:: Assignment ::
Starting at the line that contains "Creekside Fall World Series", return every line through the end of the data exactly, without pictures.

:: Data block ::
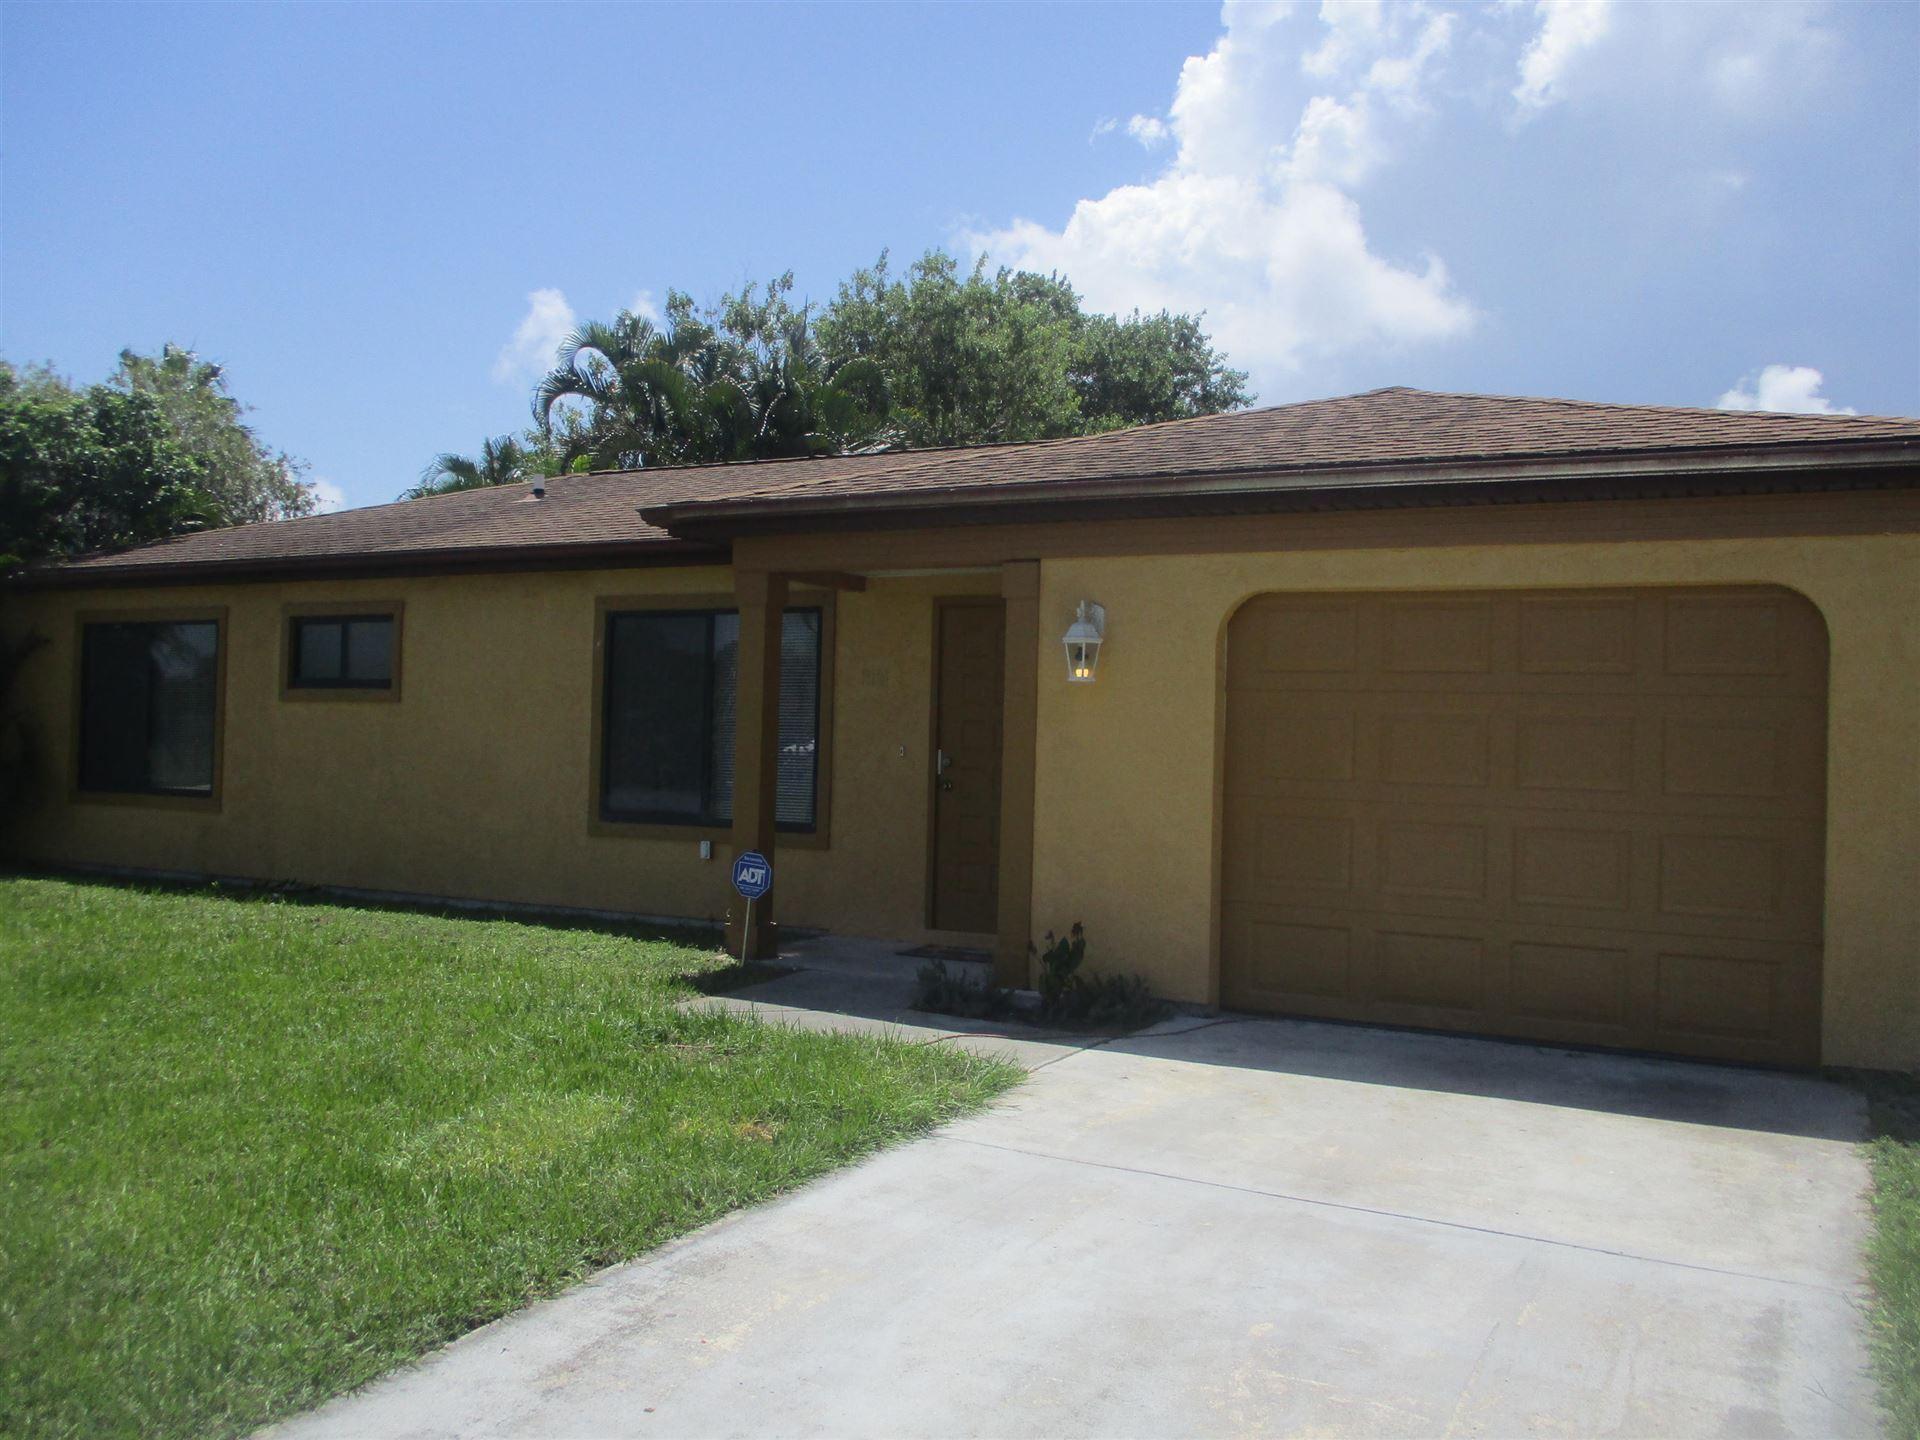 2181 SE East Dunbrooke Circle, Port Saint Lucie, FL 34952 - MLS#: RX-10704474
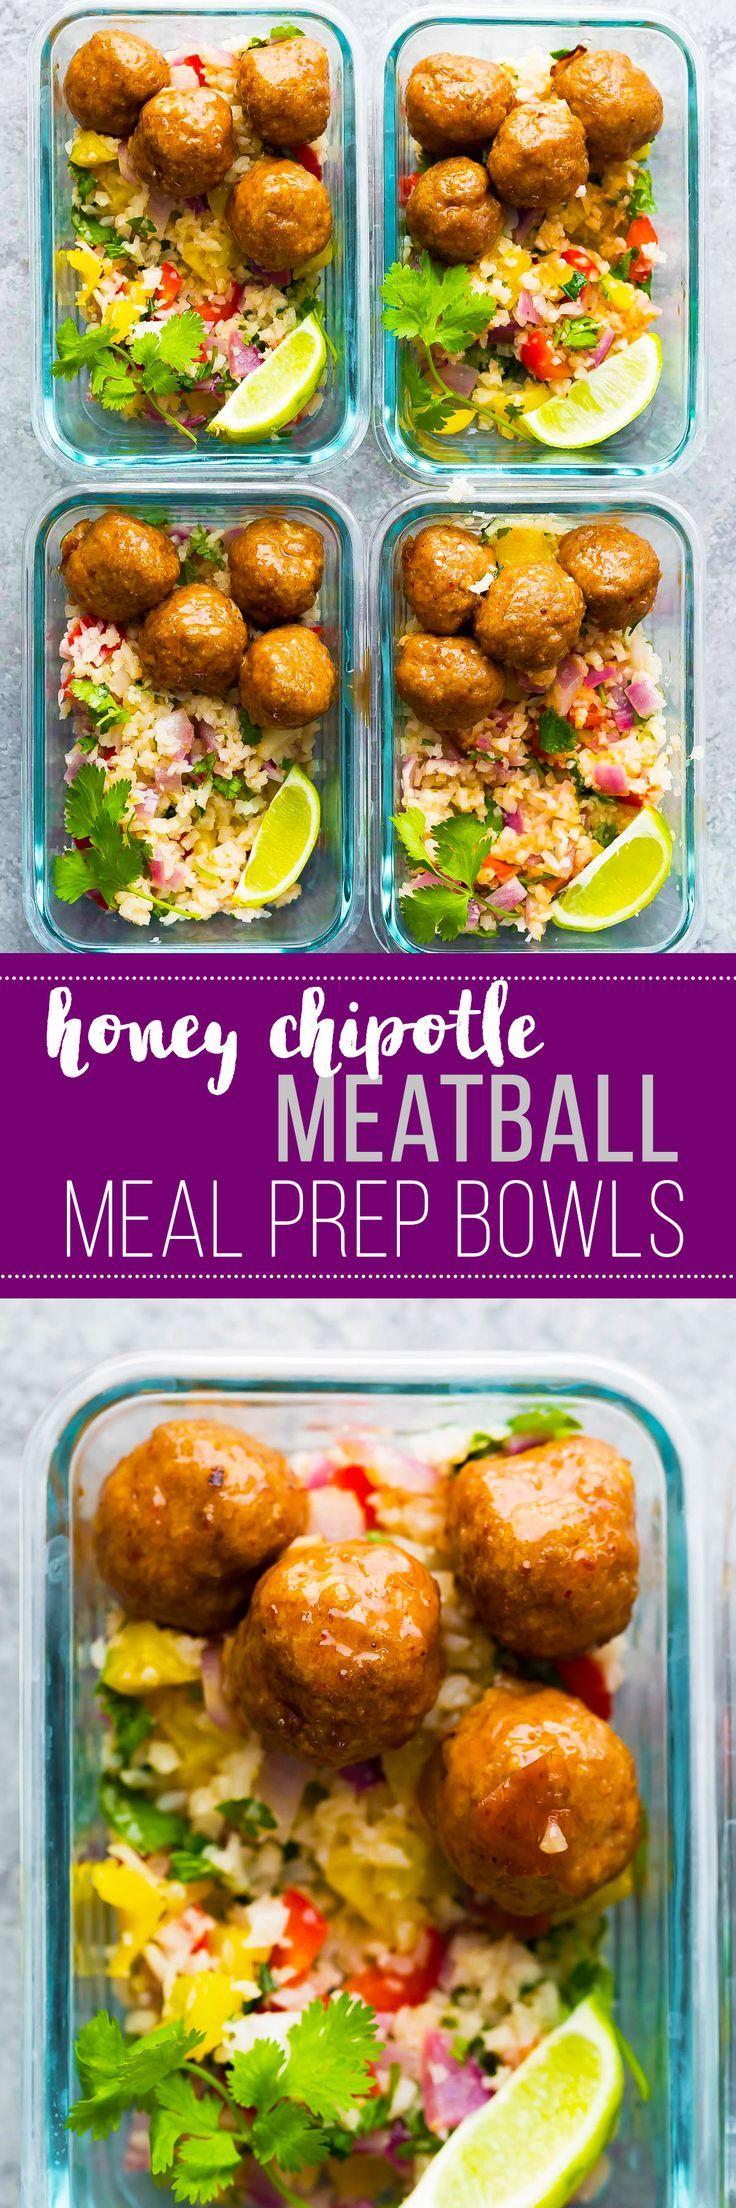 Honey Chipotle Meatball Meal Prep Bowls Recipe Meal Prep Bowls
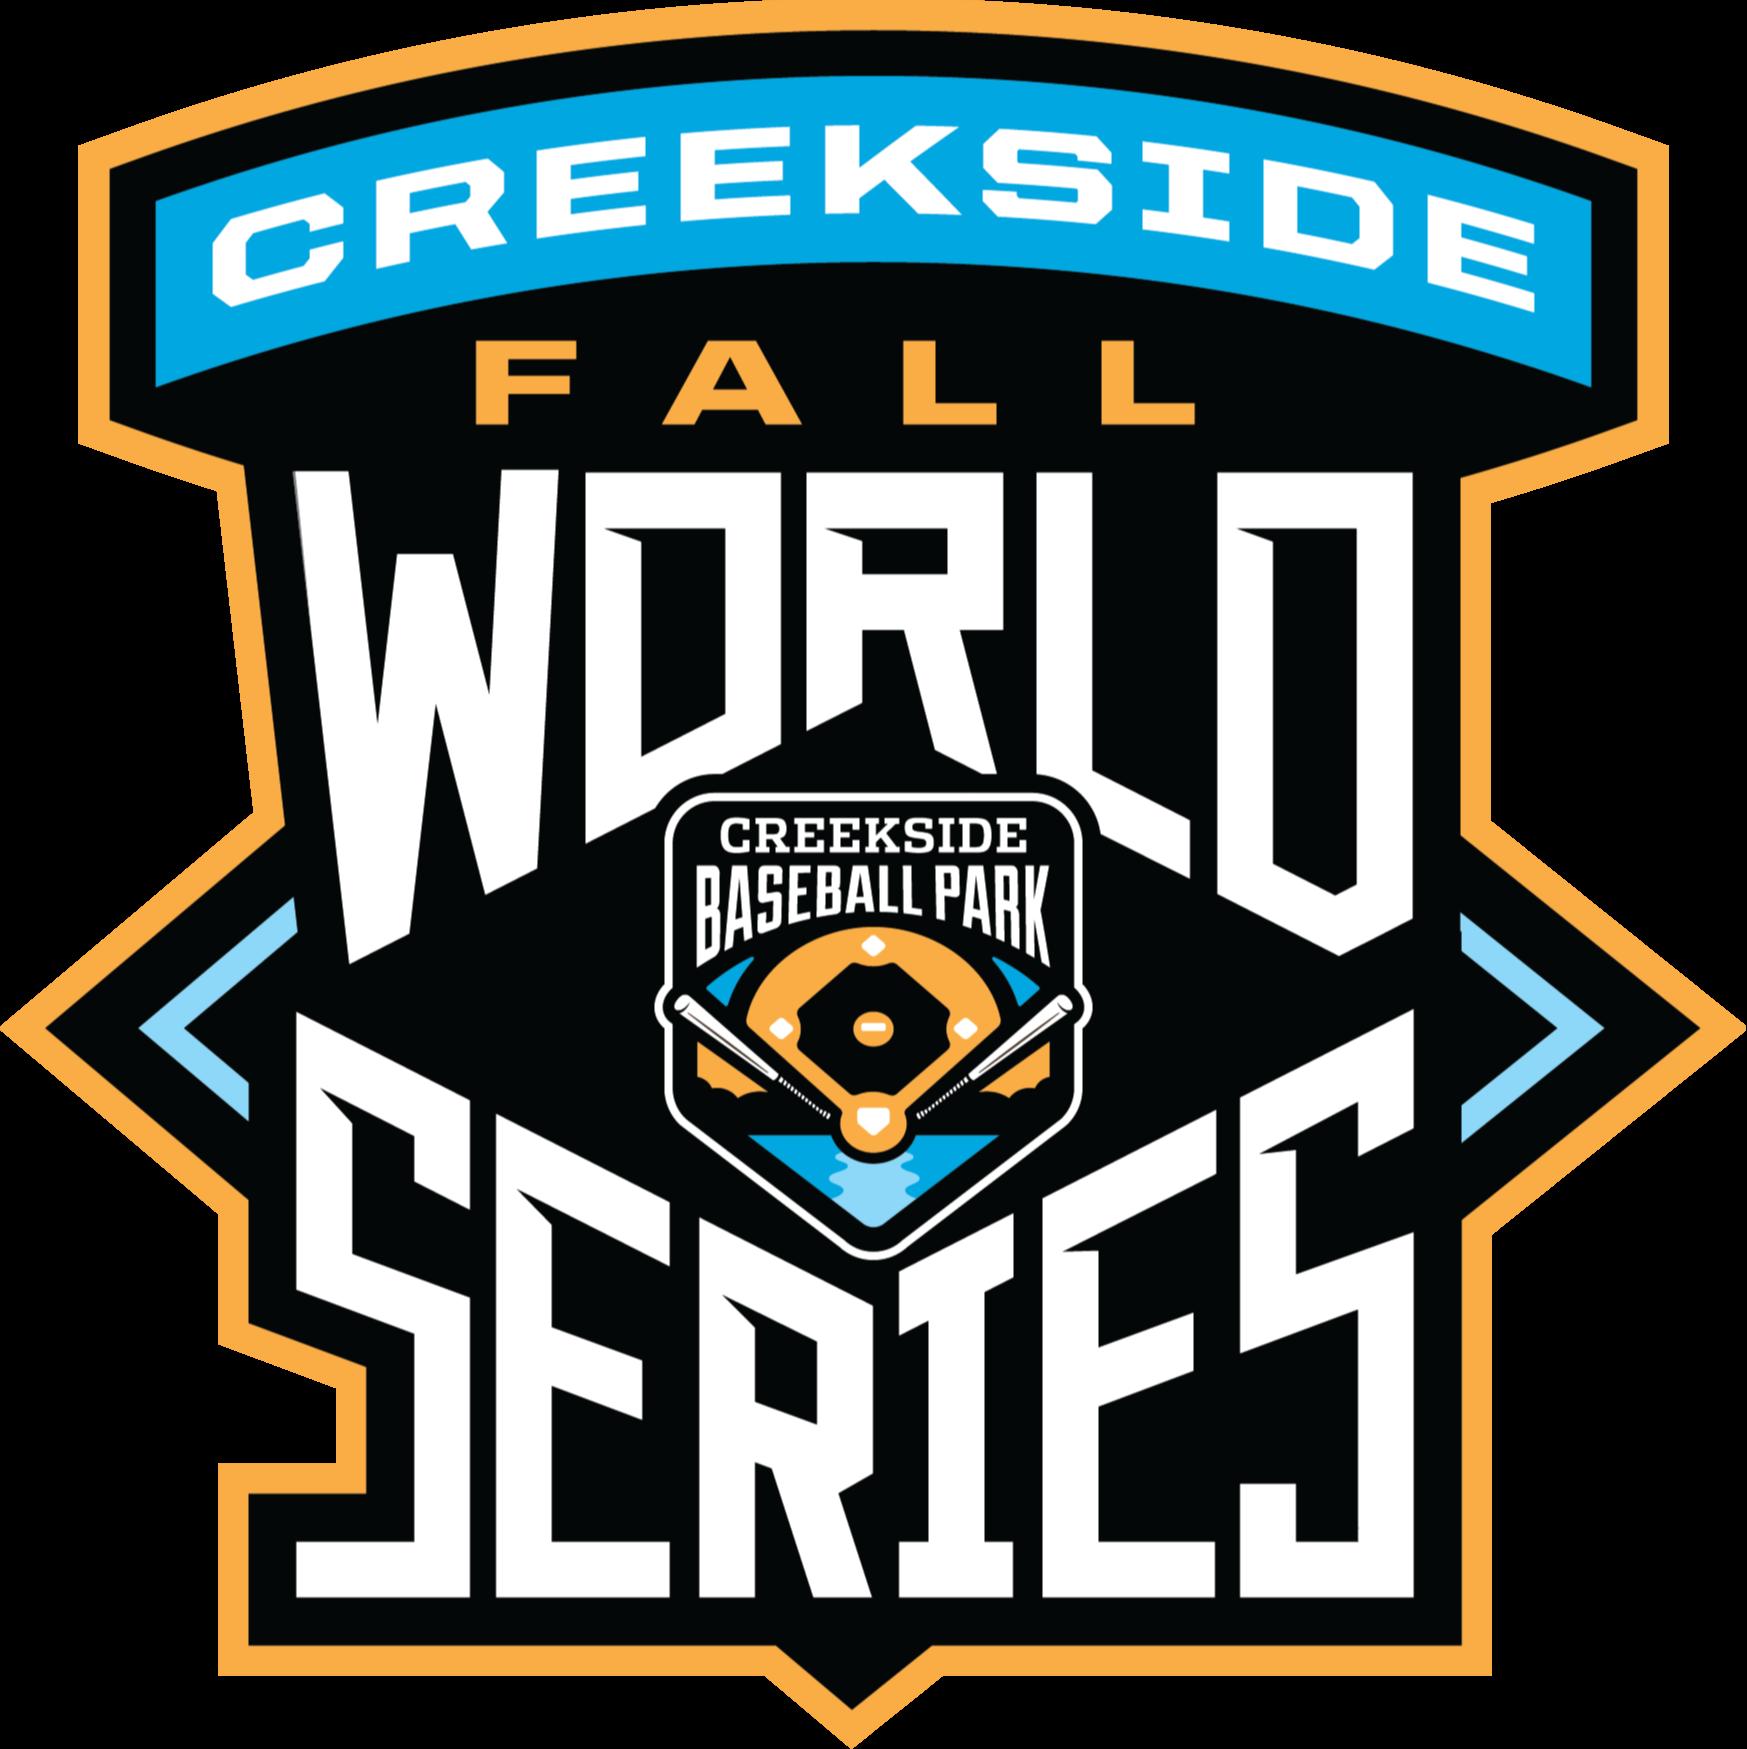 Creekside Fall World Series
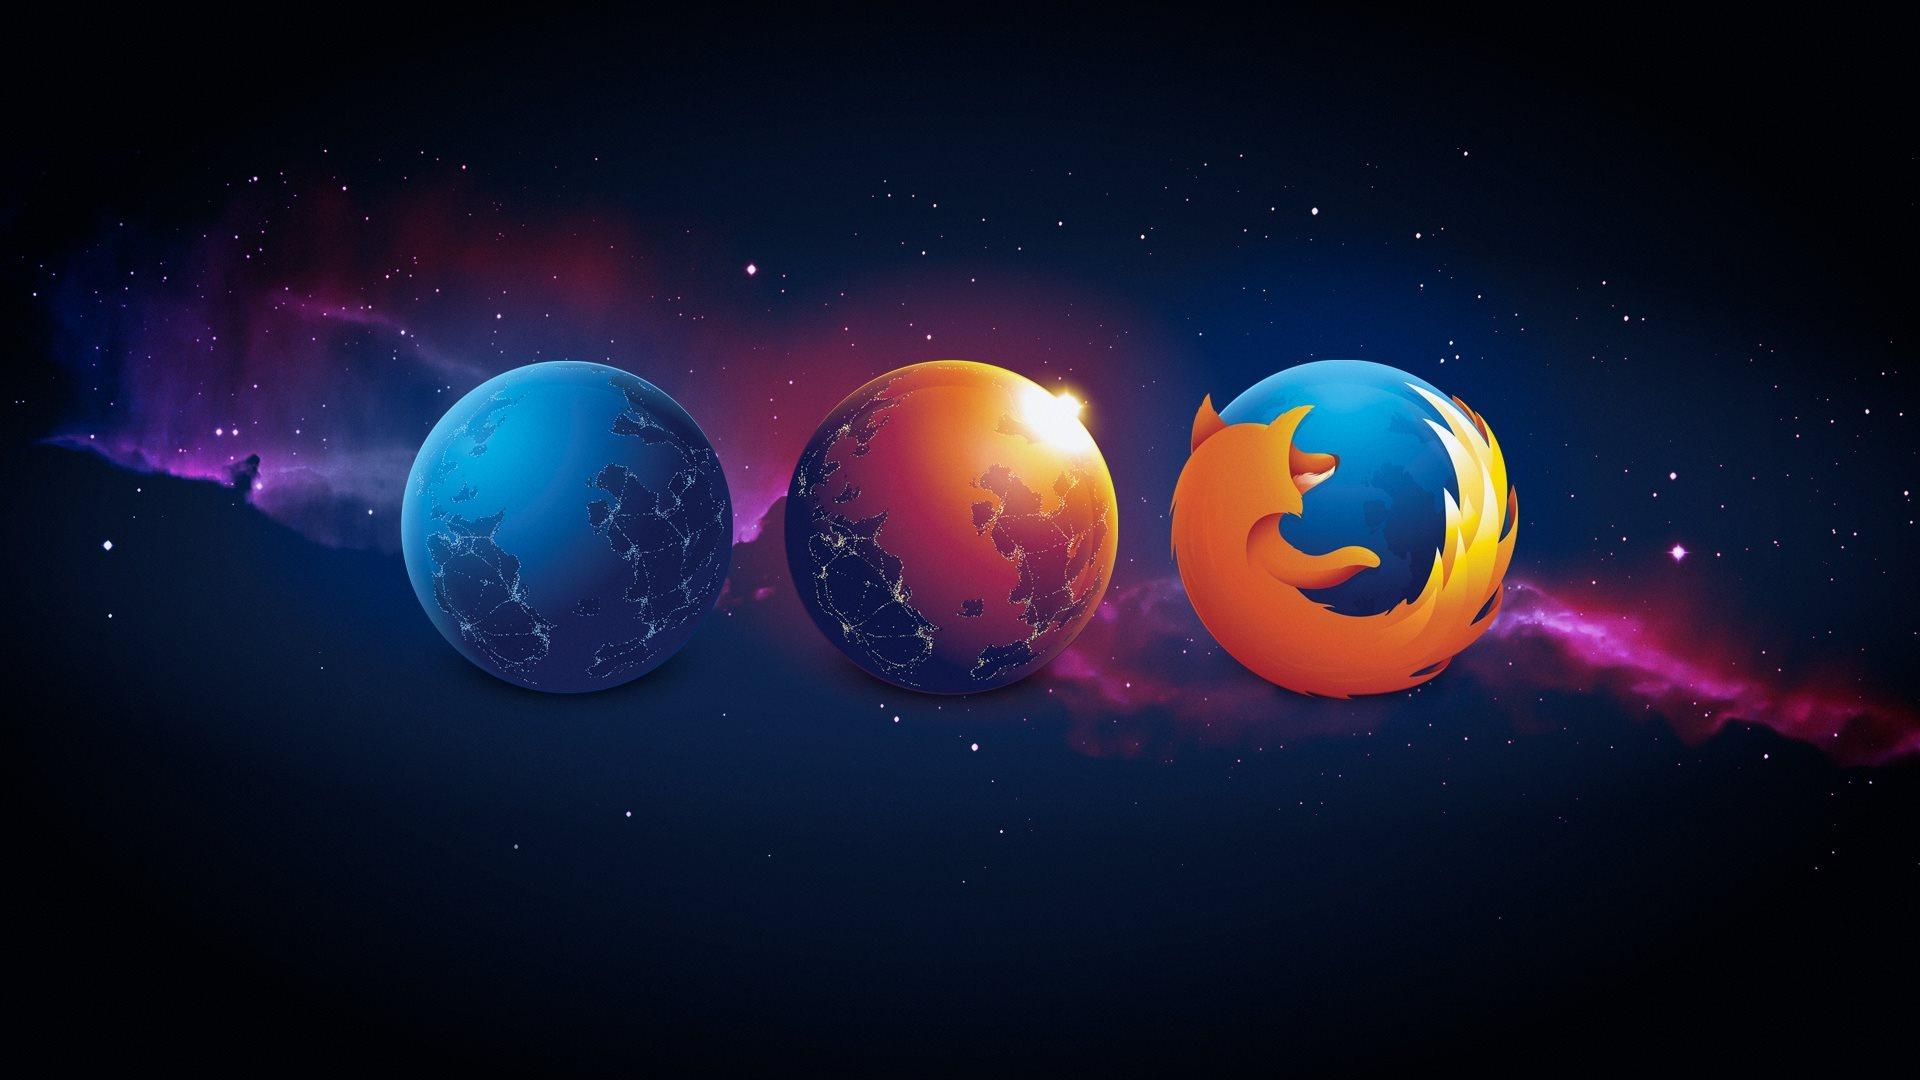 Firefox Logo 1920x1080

:: Reply ::
 Creekside Fall World Series
 Firefox Logo 1920x1080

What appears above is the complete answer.